Fabien Roussel (PCF) this Saturday in Toulouse: “My pact is the France of happy days”
National secretary of the PCF and candidate for the presidential election, Fabien Roussel is participating this Saturday in the Fête de l’Humanité in Toulouse. Maintenance.
National secretary of the PCF and candidate for the presidential election, Fabien Roussel is participating this Saturday in the Fête de l’Humanité in Toulouse. Maintenance.
What is the meaning of a Communist candidacy for the presidential election of 2022?
The French expect big changes on the occasion of this election. The health crisis has revealed their expectations in terms of health, but they are also very strong in terms of purchasing power, wages, pensions or social protection. They require major reforms, we must tackle the root causes. This is the meaning of the pact that I am proposing to the French.
What are the proposals of this pact?
Our country is very rich but its wealth is poorly redistributed. They escape those who produce them and in addition, they are poorly produced. They wear out both men and the planet. I propose to quickly increase wages and pensions and reduce working hours. Several thousand employees in difficult conditions and poorly paid: housekeepers, garbage collectors, home workers, farmers. On the reduction of working time, experiments have been launched in Spain, with 32 hours per week or the four-day week. If I am elected, I would like to open negotiations on the subject with employees and employers, branch by branch. We can work less but all work. My pact is the France of happy days.
what will your priorities be if you are elected?
The youth. An unprecedented effort must be made for National Education. This will be the priority of the five-year term. I want to limit the number of students per class, recruit 90,000 teaching posts and extend teaching time at school: 27 hours in the first level, 32 hours in the secondary. So all the homework will be done at school so that the young people can prepare for something else chosen when they get home.
You speak out for security, for nuclear power and against single-sex meetings. Why do you pick up on these subjects, more attracted to the right?
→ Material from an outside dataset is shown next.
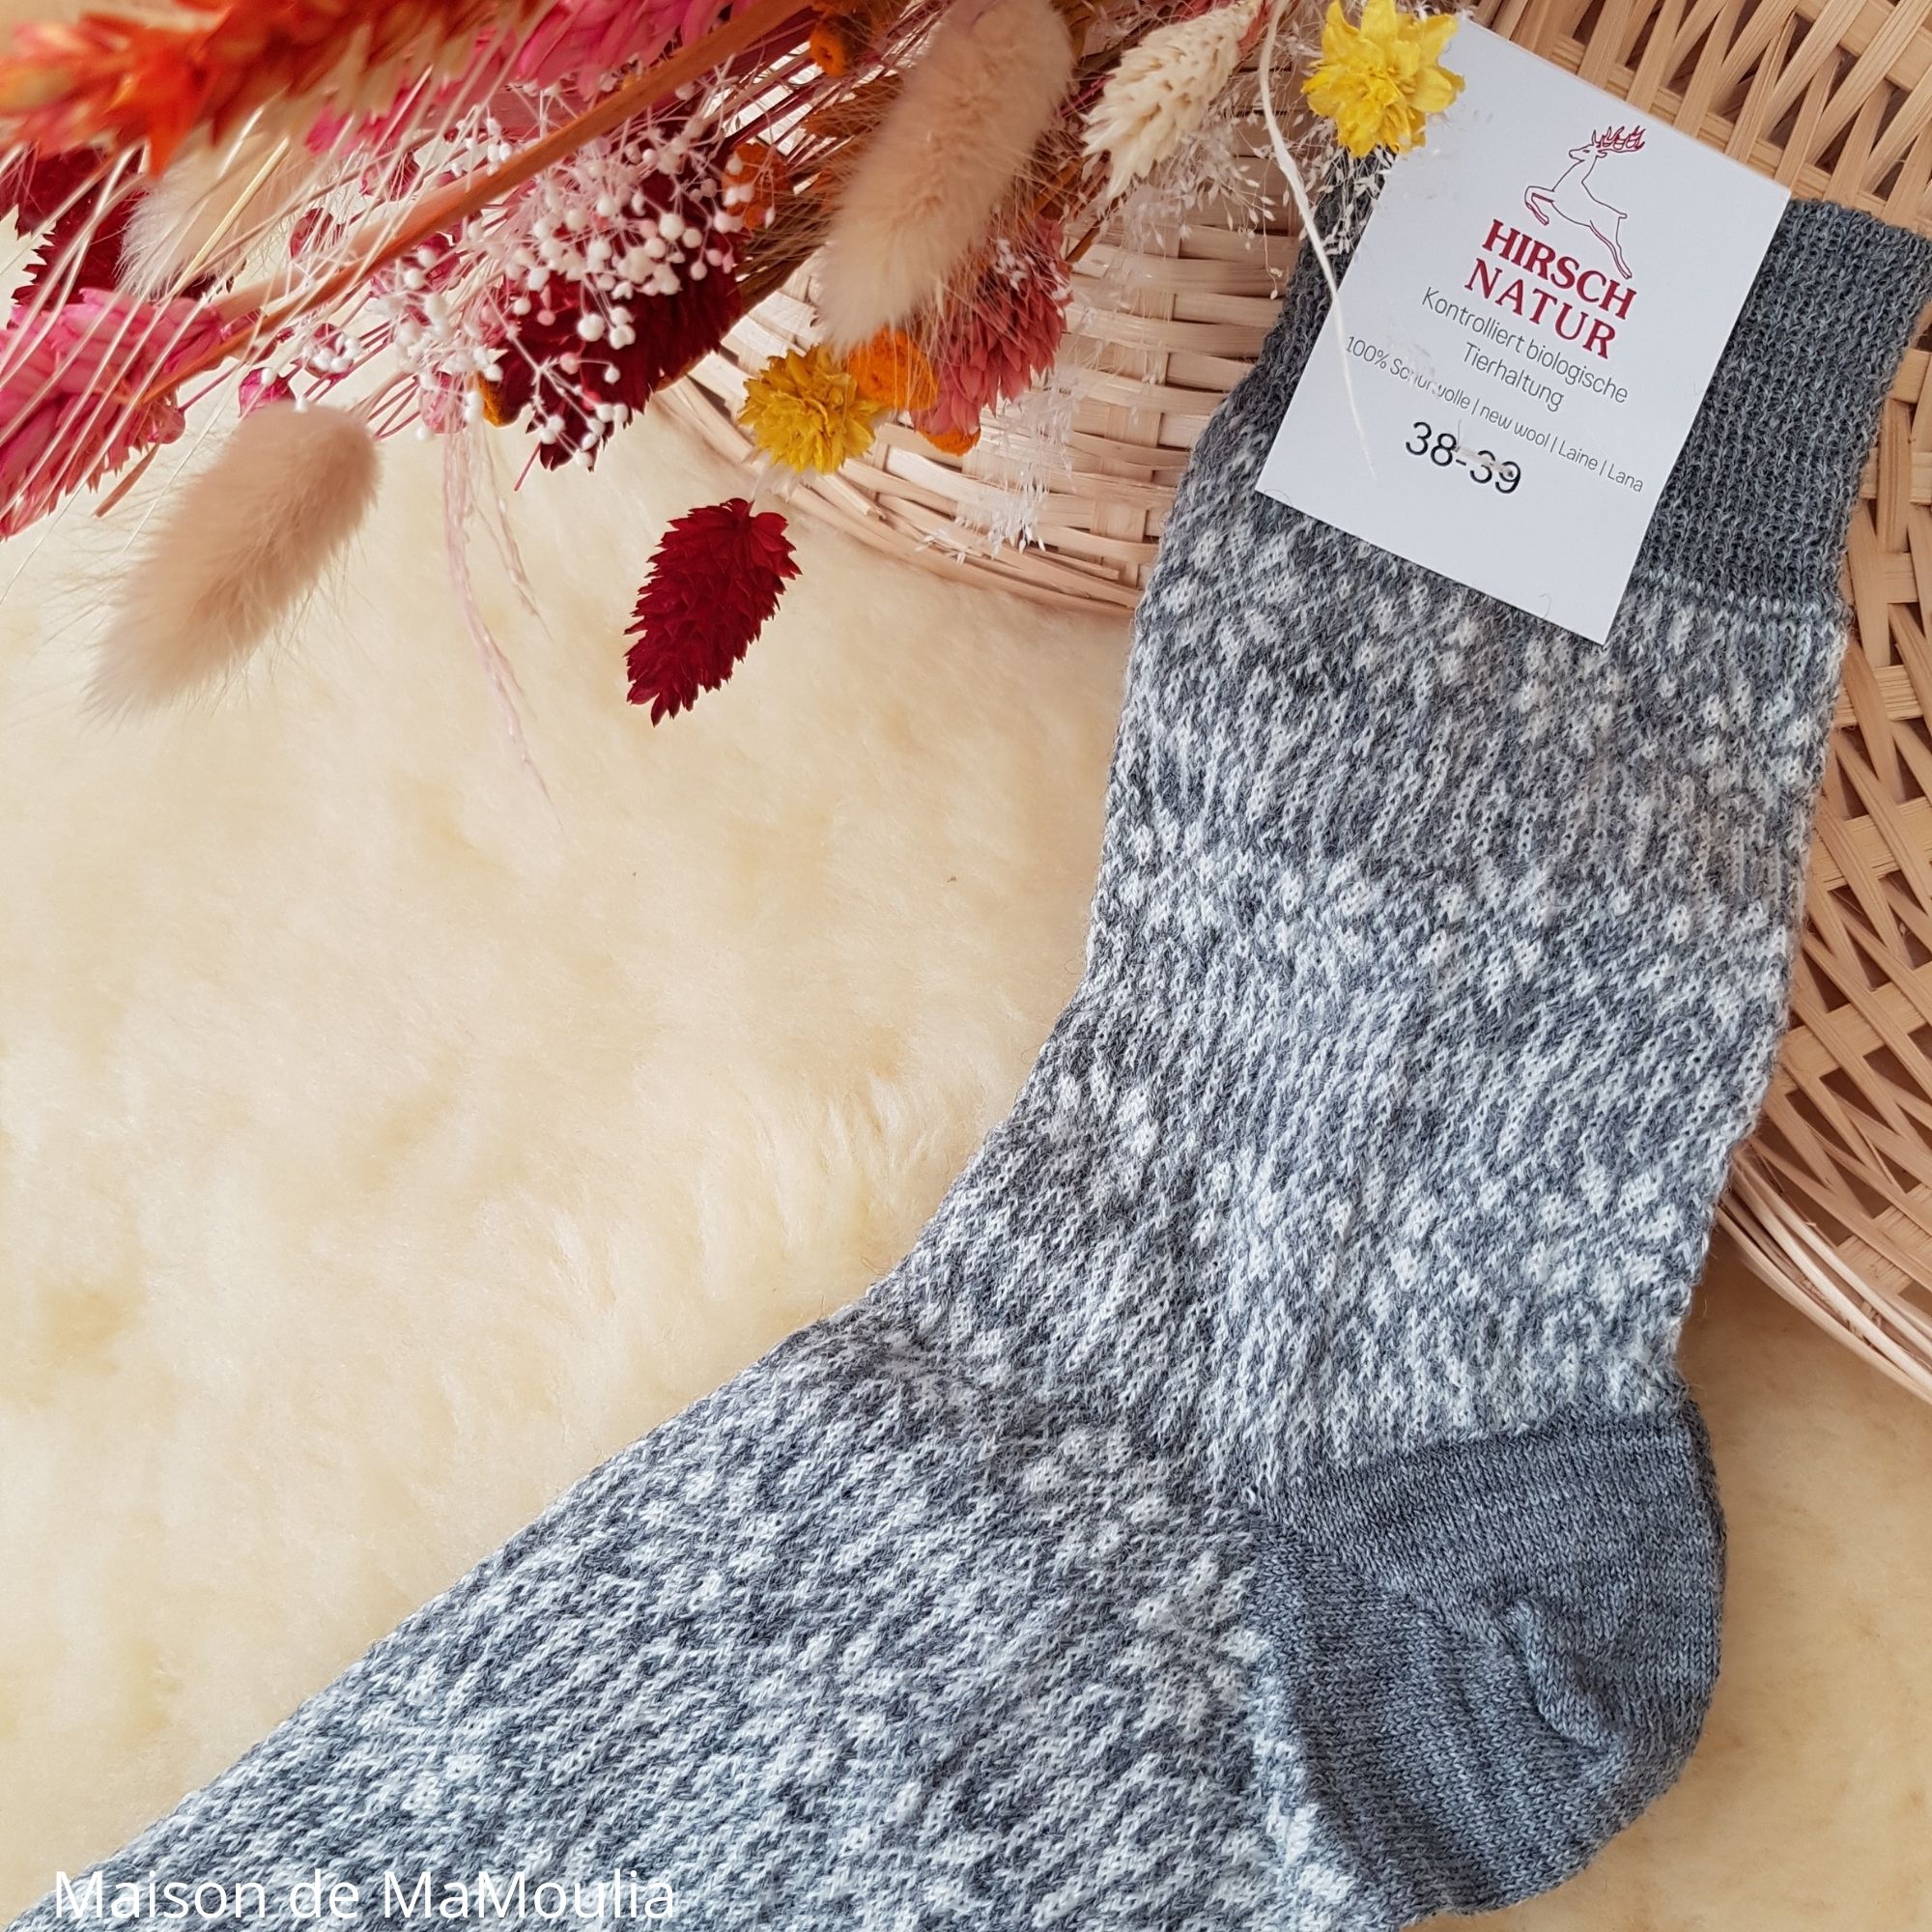 156-chaussettes-pure-laine-bio-ecologique-hirsch-natur-maison-de-mamoulia-norvegienne-adulte-femme-gris-fine

The French demand both social protection and protection at home. This demand for public tranquility exists, it must be answered. I do not do like other candidates who will accept factious police officers. I am in favor of a community police force, 30,000 strong, and it is up to the State to assume this role, not to the private sector or to the municipalities. Tranquility is also a lack of bus stop, educators, sports equipment … You have to be able to answer them. As for nuclear, we need to reduce the electricity bill. To deprive oneself of it is to increase prices. Finally, concerning single-sex meetings and the issue of equal rights, I consider that there is only one race and that is race.
Why do you advocate making those convicted of racism ineligible?
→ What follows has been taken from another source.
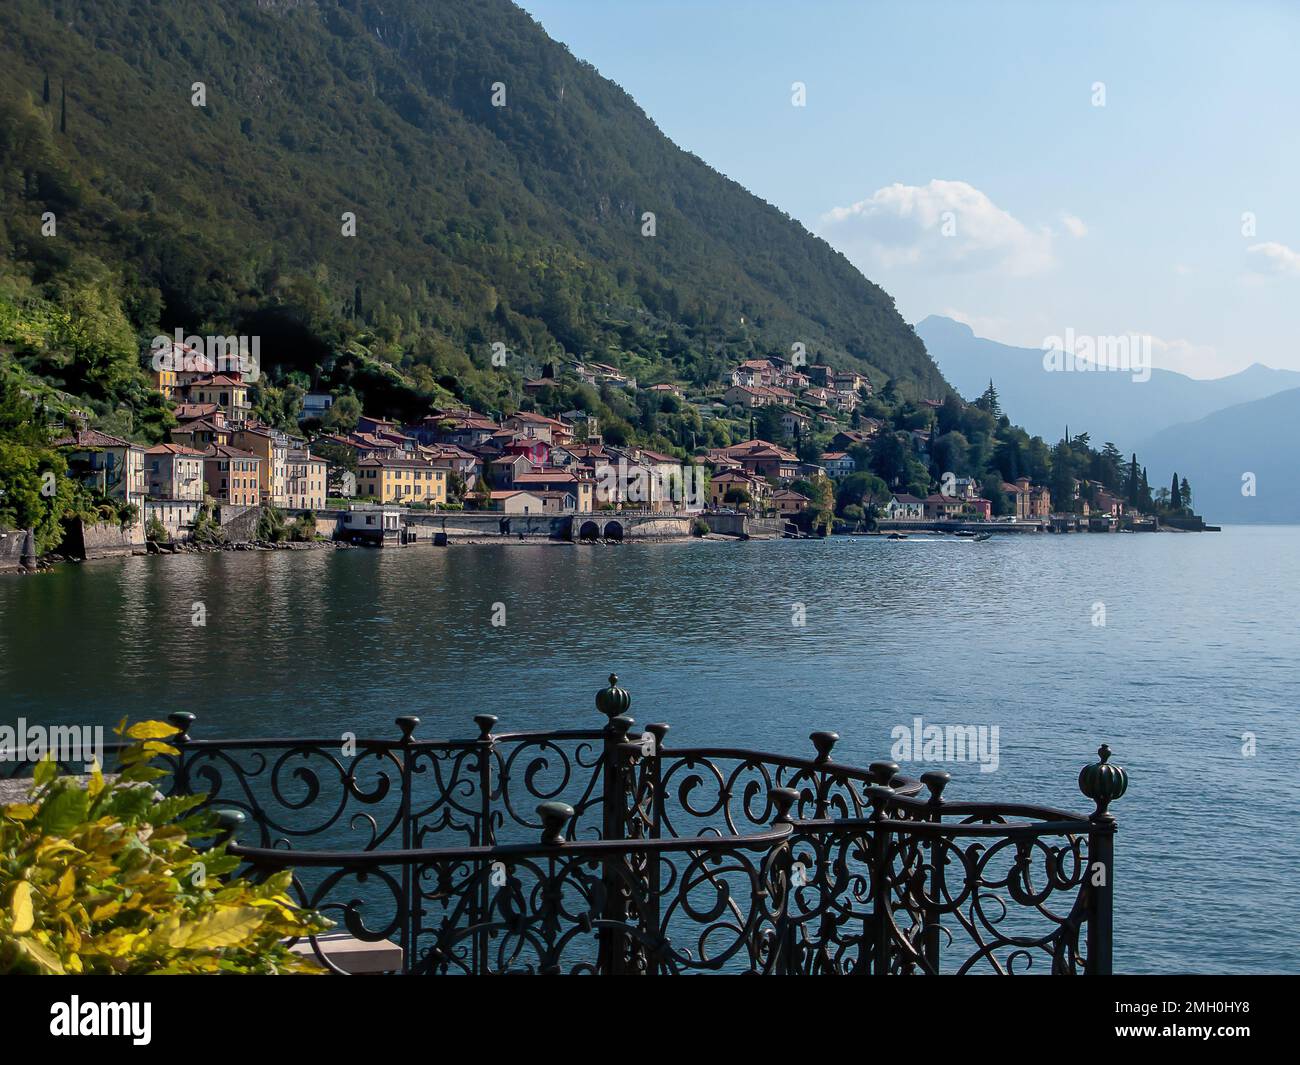 Vue panoramique sur le lac de Côme et les montagnes, villa Monastero, Varenna, lac de Côme, Lombardie, Italie Banque D'Images

The presidential debate becomes the pestilential debate. If we let it happen, it will fall lower than the ground. The word seems uninhibited, we hear scandalous discriminatory remarks on race, religion or sex. And some people who want to run for office have already been convicted of inciting racial hatred. These same people who make revisionist remarks by wanting to rehabilitate Papon or Pétain. But Nazism is not an opinion, it is a crime punishable by law. I want to strengthen the Gayssot law to make ineligible people convicted of “racism” or “incitement to hatred”.
Your great-grandfather died in the Vernet concentration camp in Ariège. How did that build you?
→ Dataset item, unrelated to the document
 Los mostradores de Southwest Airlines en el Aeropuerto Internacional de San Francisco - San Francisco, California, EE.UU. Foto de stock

His name was Salvador and was fleeing Franco’s Spain. He had found refuge with his family in Tarbes in a family of doctors. But he was arrested by the French police for a fight in a bar and found himself locked up for three years at the Vernet camp with the Communists, foreigners and Spanish Republicans. My grandmother, who was staying in a nuns’ convent, told me how she saw her father behind barbed wire, prisoner in inhuman conditions. And it was France that did that, the France of Vichy.
The program of the Fête de l’Humanité
The Fête de l’Humanité takes place on Saturday and Sunday in Ramonville, near Toulouse. Abdullah Naibi, leader of the New Afghan People’s Party, will be present.
Georges Meric and Carole
Delga are also invited as well as representatives of the Embassy of Cuba. Afghan and Kurdish artists and politicians receive a solidarity check from the Communist members of Haute Garonne. This Saturday Fabien Roussel speaks at 4 p.m. on the themes of health and research. This Sunday, October 17, the Fête de l’Humanité 31 moves to the Bikini, where many concerts will take place: the Grandes Bouches, Irina Gonzales and Rachid Benallaoua (Controlled Origin). Free admission.